Picture a strip of land 1 1/2 miles wide stretching from San Francisco to New York City. That's the amount of agricultural land that will fall victim to urban sprawl this year, say experts.

Widen this strip to 60 miles. Now it's equivalent to all the farmland converted to urban use in the last decade. Lay another 40 mile wide strip next to it -- an area equal to estimates of the result of a ''moderate'' rate of conversion from farm use to urban use for the future. The resulting 100 by 2,930 mile chunk of real estate represents the amount of US agricultural land that may be turned into parking lots, subdivisions, and otherwise lost to food production between 1970 and 2030.

''This is a matter that should concern every one who enjoys eating,'' Betty Feazel proclaims drily. Mrs. Feazel owns an 860-acre cattle ranch here in southwest Colorado. She is playing an active role in an innovative attempt to help farming and ranching families who wish to resist the tremendous development pressures.

A big part of the problem is that the pressure to develop drives land prices far beyond the agricultural value of a ranch or farm. The valuation on even a relatively small, single-family farm can zoom over the $1 million mark. Even with a recent relaxing of federal estate taxes, this climb in the market value of land can spell five- and six-figure inheritance tax assessments. Faced with this tax bill, many heirs are forced to sell off their holdings.

As concern over farmland preservation has grown, methods ranging from zoning to outright purchase and lease-back schemes are being tried in various parts of the country. Zoning is inexpensive but temporary. Purchase of land, or even development rights, is permanent but expensive.

The approach Mrs. Faezel is involved with takes a different tack. She and a handful of others are attempting to apply methods to farmland preservation developed in the land conservancy movement. According to its advocates, this method holds the promise of being more permanent than zoning and much less expensive than purchase of development rights.

Under a federal law passed in 1980, farmers and ranchers who qualify can realize substantial income and estate tax savings by signing over development rights on their land to a nonprofit, charitable organization. Mrs. Feazel was instrumental in the establishment of one of the first such trusts. Most farmers are not making enough money these days to benefit by the income tax advantages. But estate tax savings are great enough in many cases to allow farm families to pass on their land to future generations rather than being forced to sell all or part of their holdings to pay the taxes.

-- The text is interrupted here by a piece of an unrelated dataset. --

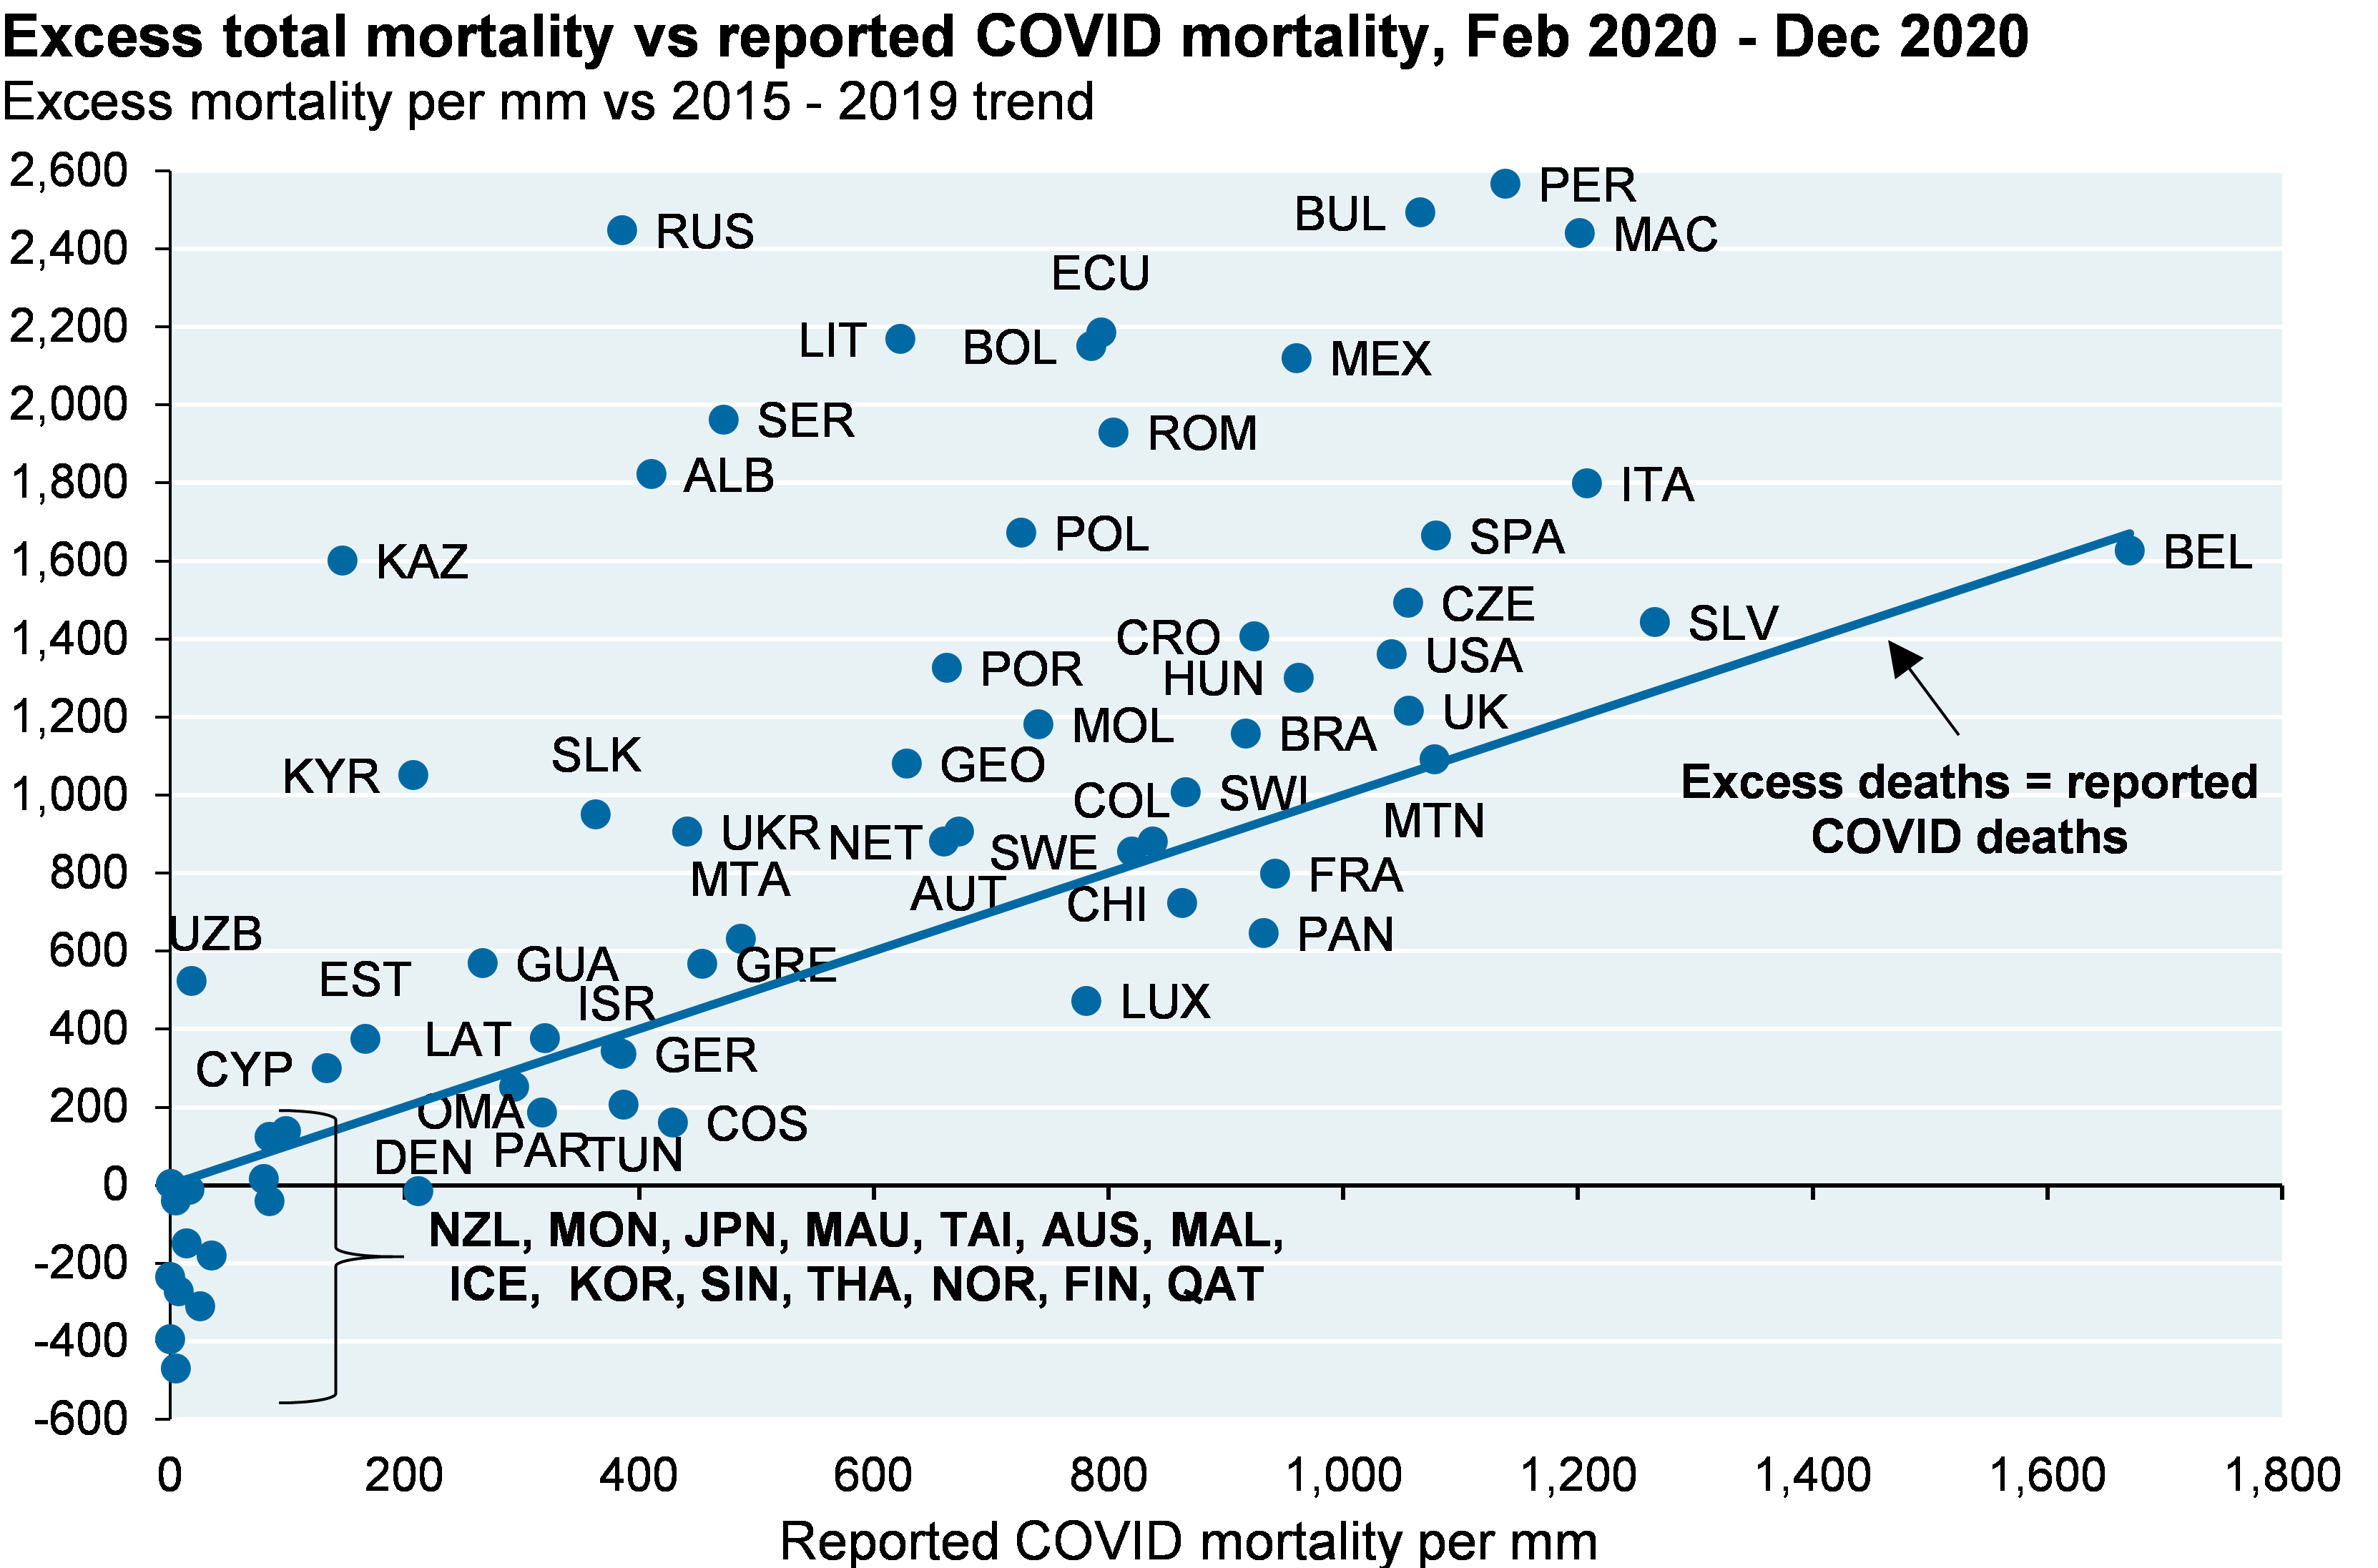 Dot plot chart shows excess total mortality vs reported COVID mortality, from February 2020 through December 2020. The y-axis shows excess mortality per mm vs 2015-2019 trend. The x-axis shows reported COVID mortality per mm. The chart shows an upwardly-sloping trend line which indicates the level at which excess deaths are equal to reported deaths. The farther above the line a country is, the more its excess deaths in 2020 exceeded reported COVID deaths. Many countries above the line are EM countries.

Currently, agricultural use is not sufficient to qualify land for this program. The land must have scenic, wildlife, conservation, or historic value as well. The exact details of what land will qualify are still uncertain because the IRS has yet to issue its regulations. They are expected sometime this summer. Advocates are working toward additional legislation that will allow agricultural use alone to qualify.

''Confiscatory inheritance tax laws have done more than any other thing to destroy the family farm,'' Mrs. Feazel asserts. She almost lost her husband's farm in Missouri for this reason, she explains.

Unlike many other methods, the approach being taken here is private and voluntary. This makes it more acceptable in many parts of the West where farmers and ranchers resent any government intrusion in their private affairs.

The Pagosa Springs group has modeled itself along the lines developed by the Trust for Public Land (TPL) in San Francisco. TPL was formed eight years ago to train community groups in the techniques of proper land stewardship. Although its early focus was the inner city, in recent years the group has expanded its efforts to the urban fringe. The basic concept applied to farmland preservation was worked out by Jennie Gerard at TPL.

She was approached by dairy farmers from Marin County north of San Francisco who were searching for a way to protect themselves from tremendous development pressures. Close on their heels came a group of orchardists in western Colorado who were the first local trust to incorporate for this purpose. And the trust in Pagosa Springs was the first to actually accept the development rights on some land. Meanwhile, a third land trust has been established in Colorado. Another has been formed in the Jackson Hole, Wyo., area. And TPL is working with other interested groups in California, Arizona, and Illinois.

Currently, TPL is trying to interest one of the nation's 3,000 soil and water conservation districts in the methods of land conservancy. Should these districts widely adopt land conservancy practices, Miss Gerard anticipates a system similar to the one currently practiced in France -- one which experts say has proved quite effective at farmland preservation -- might evolve in the US.

''What is so different about (the conservancy concept of) farmland preservation . . . is that a single mechanism can deal with and integrate the primary issues of farmland ownership and use: the family farm issue, the resource stewardship issue, and the farmland conversion issue,'' Charles E. Little of the American Land Forum summarizes in the Journal of Soil and Water Conservation.